|equations of parallel and perpendicular lines||0.87||0.9||6561||80|
|parallel vs perpendicular lines equations||0.58||0.1||1685||85|
|equations for parallel & perpendicular lines||1.52||0.1||4688||34|
|parallel and perpendicular lines equations||1.86||0.3||4154||52|
|parallel vs perpendicular lines||1.51||0.8||1249||38|
|perpendicular and parallel equations||1.96||0.8||319||14|
|parallel versus perpendicular lines||0.14||1||9576||85|
|parallel and perpendicular lines||0.72||0.4||1264||74|
To prove these two lines are parallel, all we have to do is calculate their slope and verify those slopes are the same. We see that both line 1 and line 2 have slope -2/7. Therefore, the lines are parallel. Perpendicular lines are lines that create 90 degree angles when they intersect.How do you find the equation of a line parallel?

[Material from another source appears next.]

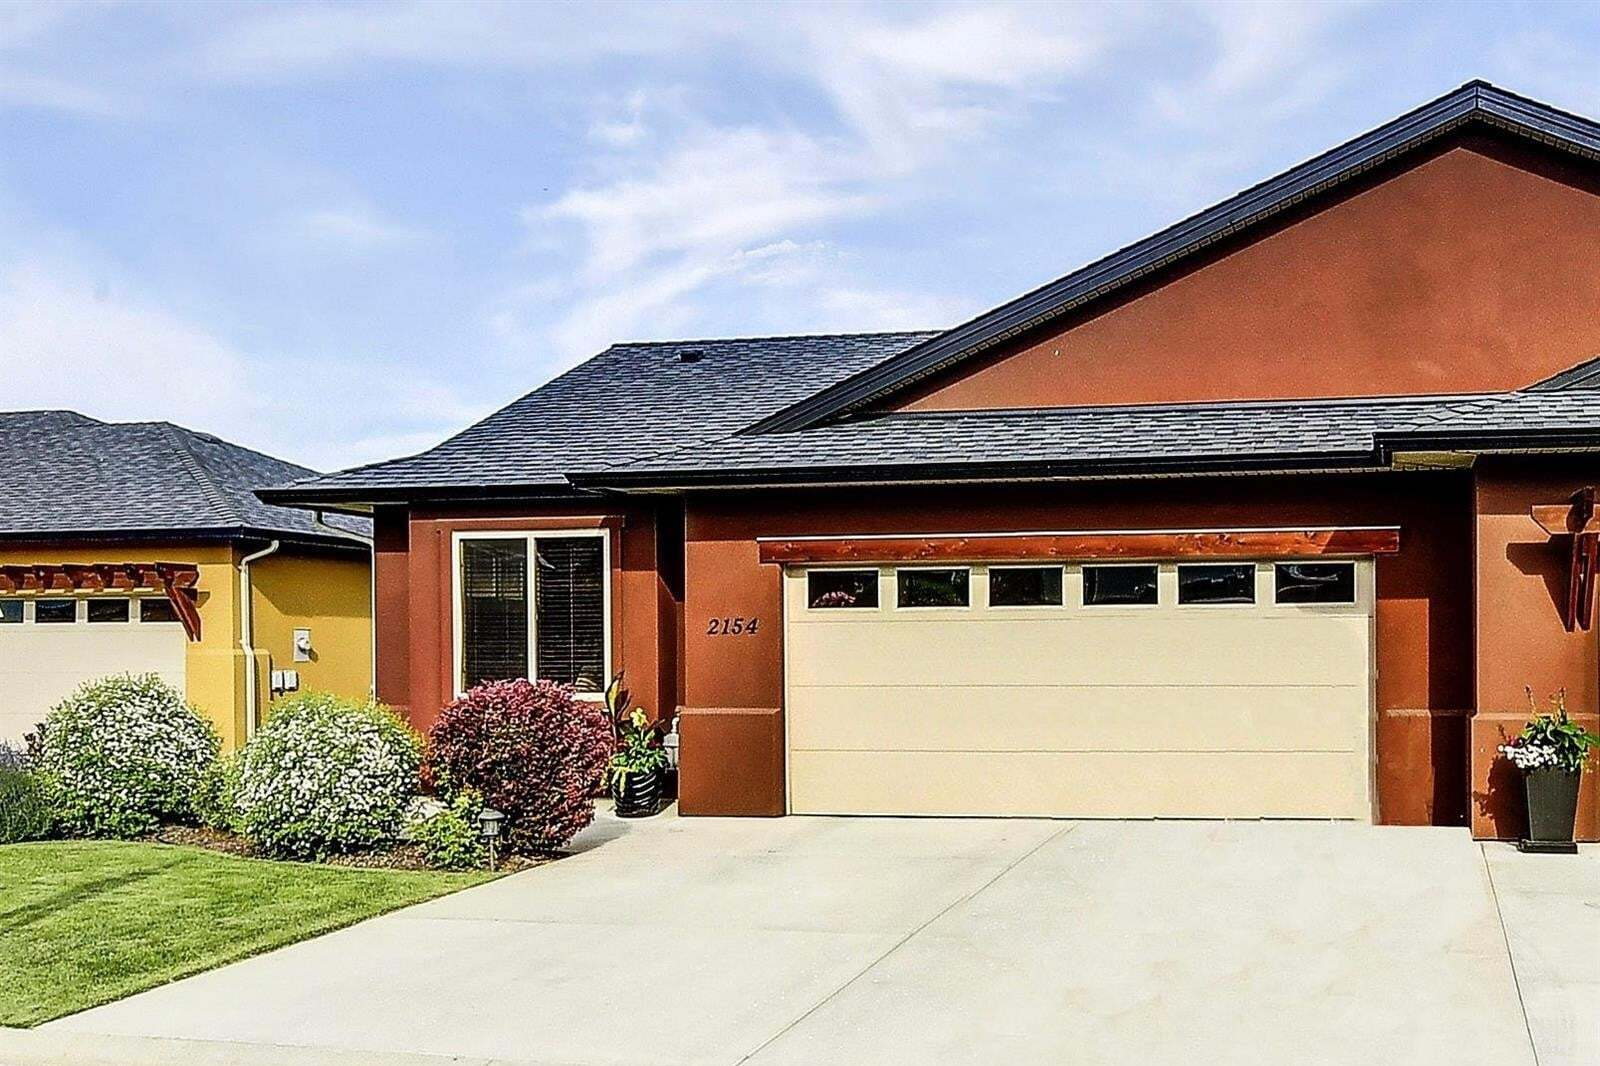 Townhouse for sale at 2154 Alvarado Tr West Kelowna British Columbia - MLS: 10205602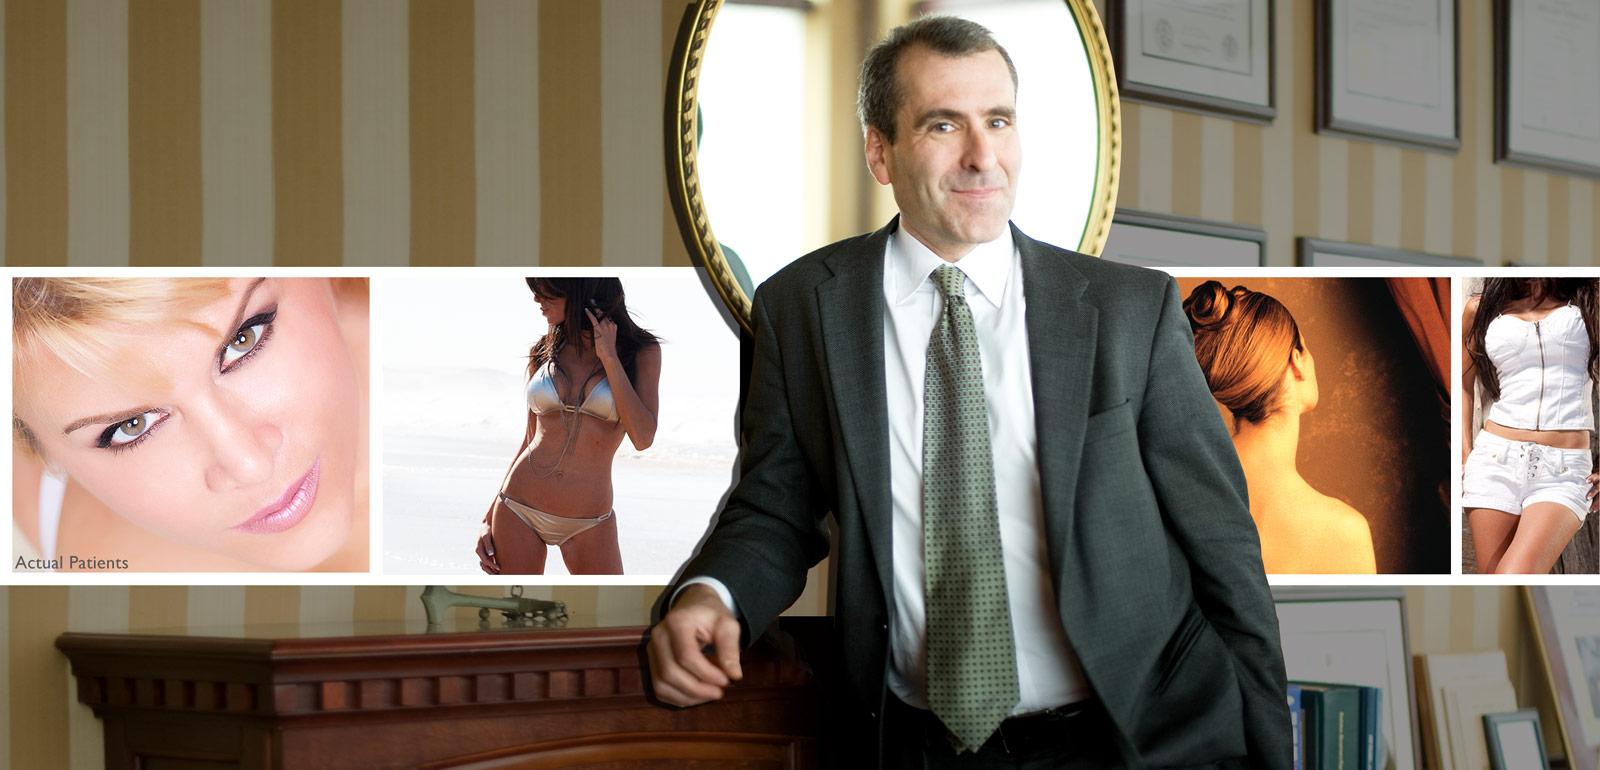 Dr. Adam Tattelbaum

The equation of the line in theslope-intercept form is y=2x+5. The slope of the parallelline is the same: m=2. So, the equation of theparallel line is y=2x+a. To find a, we use the fact that theline should pass through the given point:5=(2)⋅(−3)+a.. Regarding this, how do you find the equation of a parallel line that passes through a given point?